B-cell precursor leukemia cell line SUP-B15 was obtained from the DSMZ and cultured in McCoy’s 5A Medium (Biochrome, Berlin, Germany) containing 20% heat inactivated fetal calf serum (FCS, Sigma-Aldrich, St. Louis, MO, USA) and 1% GIBCO GlutaMAX™ (dilution 1:100, Life Technologies, Carlsbad, CA, USA). The cells were incubated in humidified atmosphere at 37 °C containing 5% of CO2 and harvested at a concentration of about 1.5 × 106 cells/mL by centrifugation at 450 g for 5 min at room temperature. To stain the cells with a fluorescent dye, the pellet was re-suspended in 1 mL PBS with additional 2 µL of 5 mM CFSE and incubated in a water bath at 37 °C for 15 min. Afterwards, the cells were re-pelleted by centrifugation and re-suspended in 1 mL of fresh PBS and incubated for additional 30 min. Then the PBS was exchanged via centrifugation under the same conditions. Subsequently, the cell suspension was transferred to the syringe pump of the experimental apparatus.
To compare the quality of our results with a commercially available cell counter, we choose the CASY TT cytometer (Roche, Basel, Switzerland). The CASY counter measures size and condition of a cell using the electrical current exclusion (ECE) principle. The intact cell membrane of a viable cell does not conduct electrical current so that the true cell volume is determined.
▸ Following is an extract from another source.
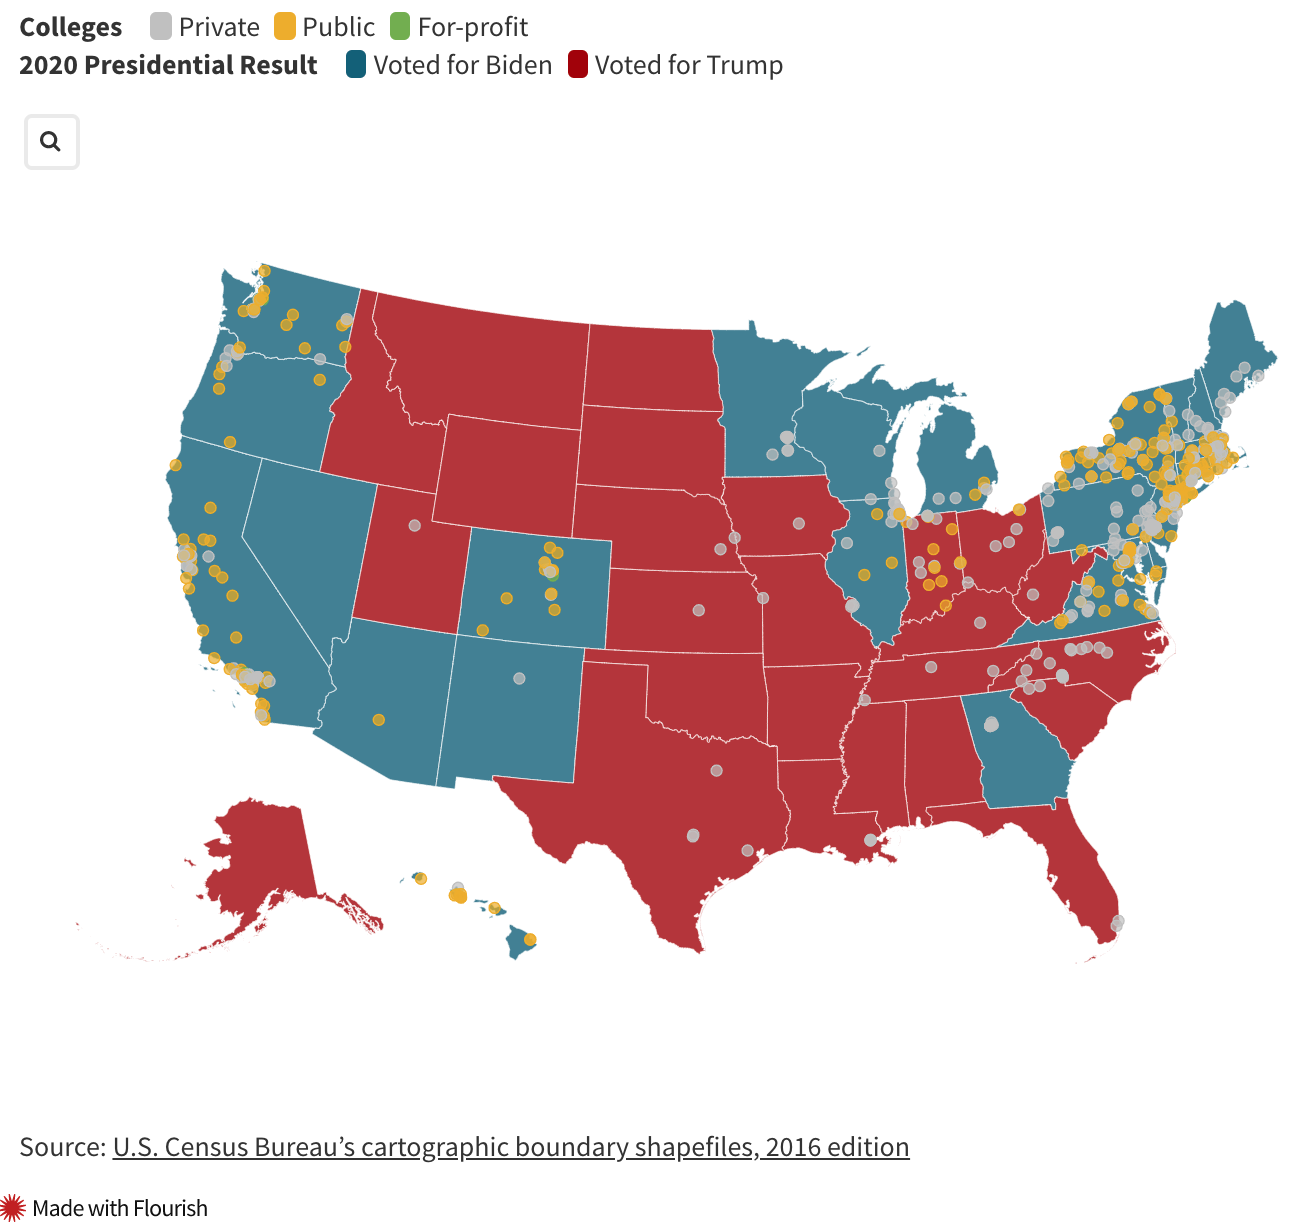 US states that voted for Biden or Trump

The broken cell membrane of a dead cell is permeable for electrical currents and therefore only the size of the nucleus is measured [21]. For comparable measurements the same passage of cell suspension was analyzed by the CASY counter as well as using the SME technique. The measurement was performed at a total flow rate of 200 µL/min and a Reynolds number of 14.9.

3. Results and Discussion

Figure 9a shows a scatter plot of the intensity of rigid spherical particles as a function of velocity. The data contains results for particles of mean diameters 5.51 µm, 4.42 µm and 0.84 µm. The 0.84 µm as well as the 5.51 µm particles are used to probe the flow profile. The interaction of the 0.84 µm particles with the fluid is low due to their small size. Even at high Reynolds numbers of Rek = 14.9 the particles do not align to a specific equilibrium velocity but are spread over almost the entire height of the channel. The population of 0.84 µm particles provides information about the maximum velocity vmax (see Figure 9b) while viscosity variations across different measurements are monitored via the equilibrium velocity of the 5.51 µm population (for details see [6]). Comparing the 5.51 µm and 4.24 µm population, one can see that both populations clearly differ in velocity with a velocity difference of Δv = 15 mm/s (v(5.51 µm) = 471 ± 2 mm/s, v(4.42 µm) = 486 ± 2 mm/s at vmax = 660 mm/s) at vmax = 660 mm/s). The dim subpopulations above the 0.84 µm and the 4.42 µm population are duplets or triplets of particles.
Cell size similarly affects transport velocity as evidenced by means of the scatter plot in Figure 10 and the corresponding velocity distributions in Figure 11b for the example of SUP-B15 cells. Three dominating populations can be distinguished by intensity as well as by velocity and they are denoted in the plot as “viable cells”, “dead cells” and “debris”. The size distribution of the SUP-B15 cell suspension measured with the CASY counter is shown for comparison in Figure 11a. According to the specifications the CASY counter assigns viable cells in the range between the solid lines, dead cells in the range between the left dashed line (3.5 µm) and the solid line (9 µm) in the middle of Figure 11a. Cell debris is found left of the dashed line for a size of 3.5 µm and below. Thus, the CASY counter measurement results in a total cell count of 1.35 × 106, a viable cells count of 1.15 × 106 leading to a cell viability of 85%.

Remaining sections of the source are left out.